[Originally published in the OTHER paper, Eugene, Oregon in September, 1995.]
Just a little chutzpahby Wanda Ballentine
John Lively, director of the Metro Partnership and a major player in the development of the Hyundai project, recently cornered the market on chutzpah with a list of arguments supporting the issuance of the wetlands fill permit for the project. The August 21st memo provided the advice to the Board of Realtors for a letter-writing campaign to the Army Corps of Engineers.
Emphasize that the State's excellent land-use laws will protect the environment, Lively told the group that has led assaults on those laws that have greatly reduced their effectiveness. Scaling the heights of chutzpah, Lively noted further that Oregon's superb land-use laws "ensure ongoing public involvement."
Lack of public involvement was exactly what outraged people when the project was announced. Since then, the Eugene Weekly, with the aid of the Freedom of Information Act, has documented how Lively and public officials at every level of government fast-tracked the deal and deliberately did not inform the public.
Emphasize the "low value" of the D.A.G. Trust wetlands, Lively continues. These wetlands lie in the area the County's booklet, West Eugene Wetland Self-Guided Tour, calls "the soul of the West Eugene Wetlands," and 135 plant species found on the plot rank the area as one of the best wetlands in the region -- and that was an incomplete survey.

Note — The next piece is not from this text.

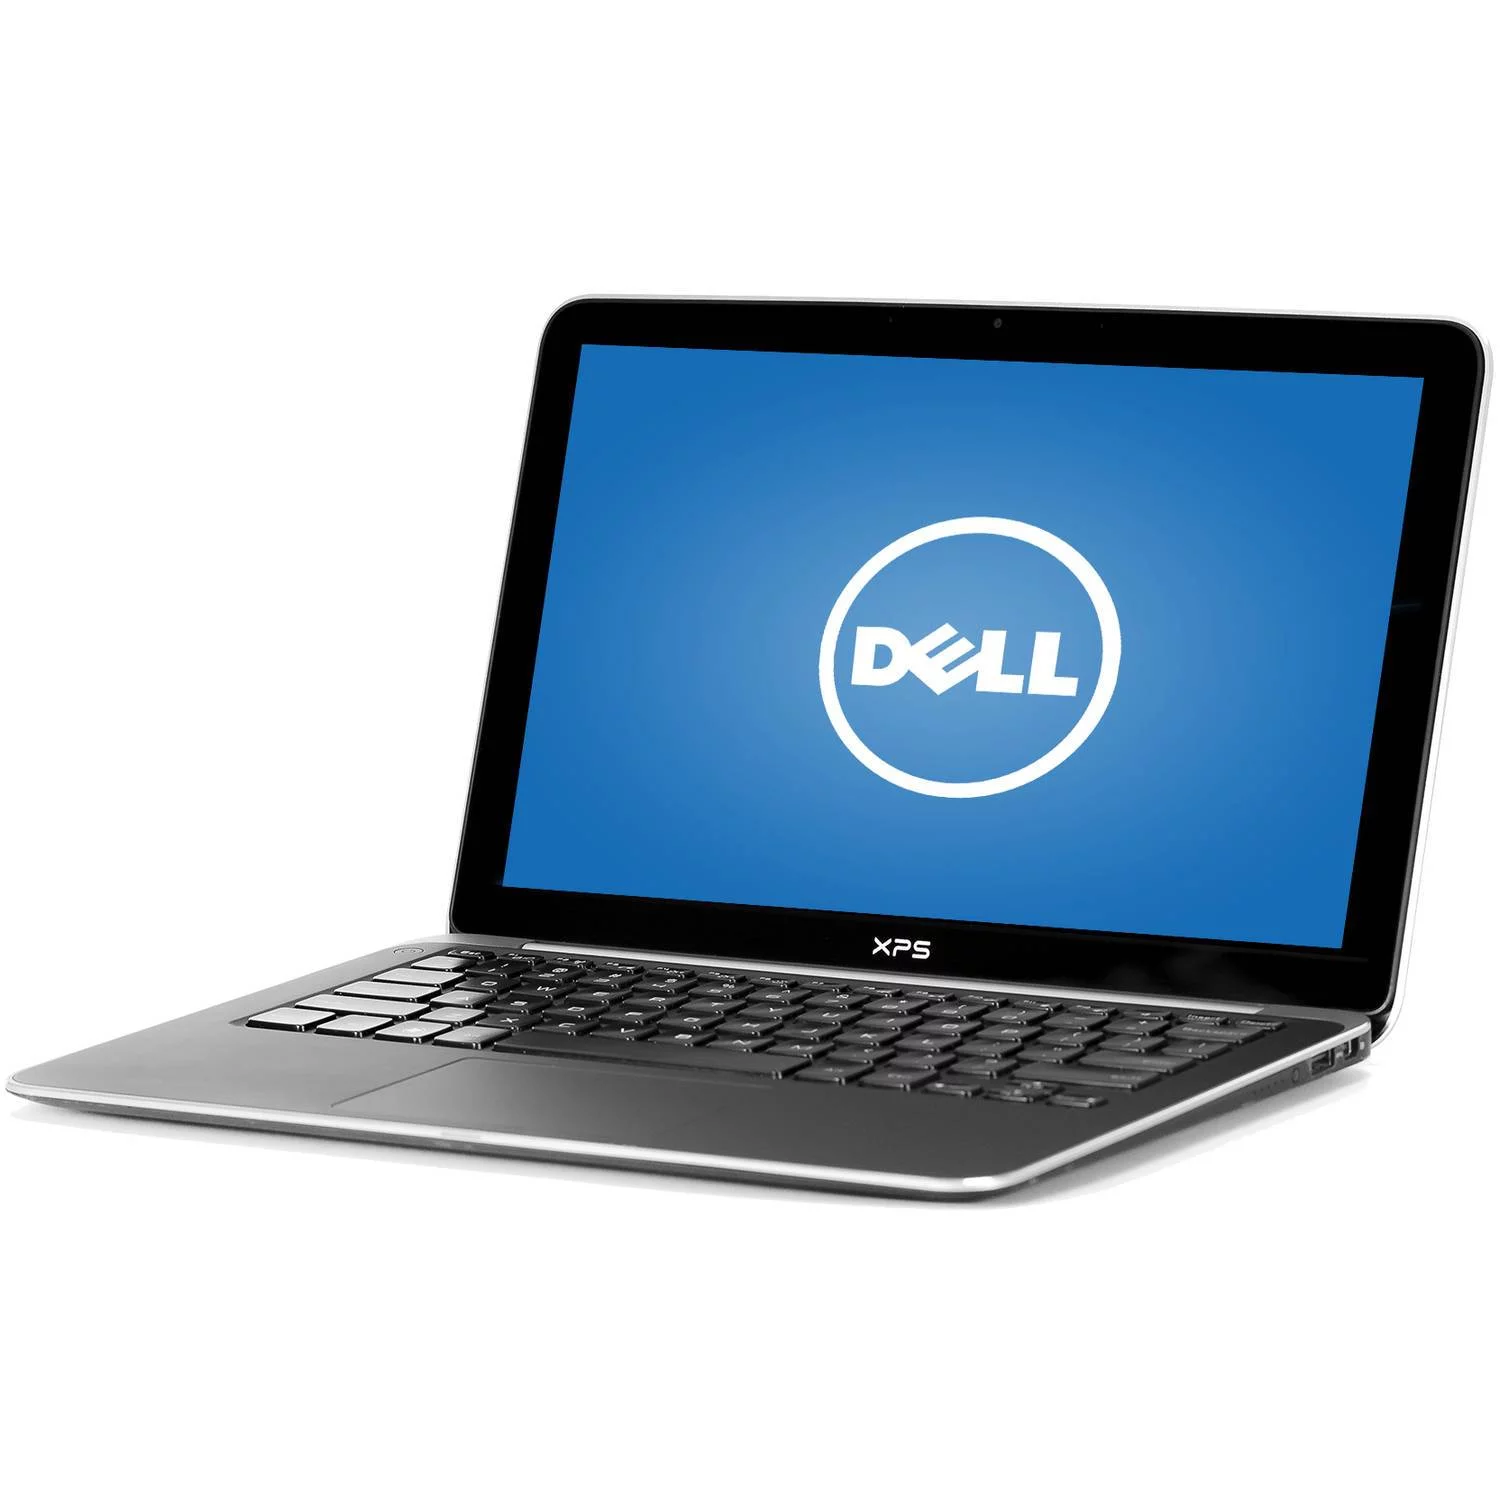 Dell XPS L322X Notebook

Besides, we can create even better wetlands, Lively asserts, because Eugene's mitigation experiment in wetlands mitigation is a "national model." This 'model' is only two years old, has lost 20% of the wetland species planted and is being overgrown with non-native grasses and blackberries. The site 'mitigated' by SpectraPhysics for five years as part of its negotiations is a failure. SpectraPhysics' responsibility has ended, and the City/taxpayers are stuck with trying to revive those wetlands.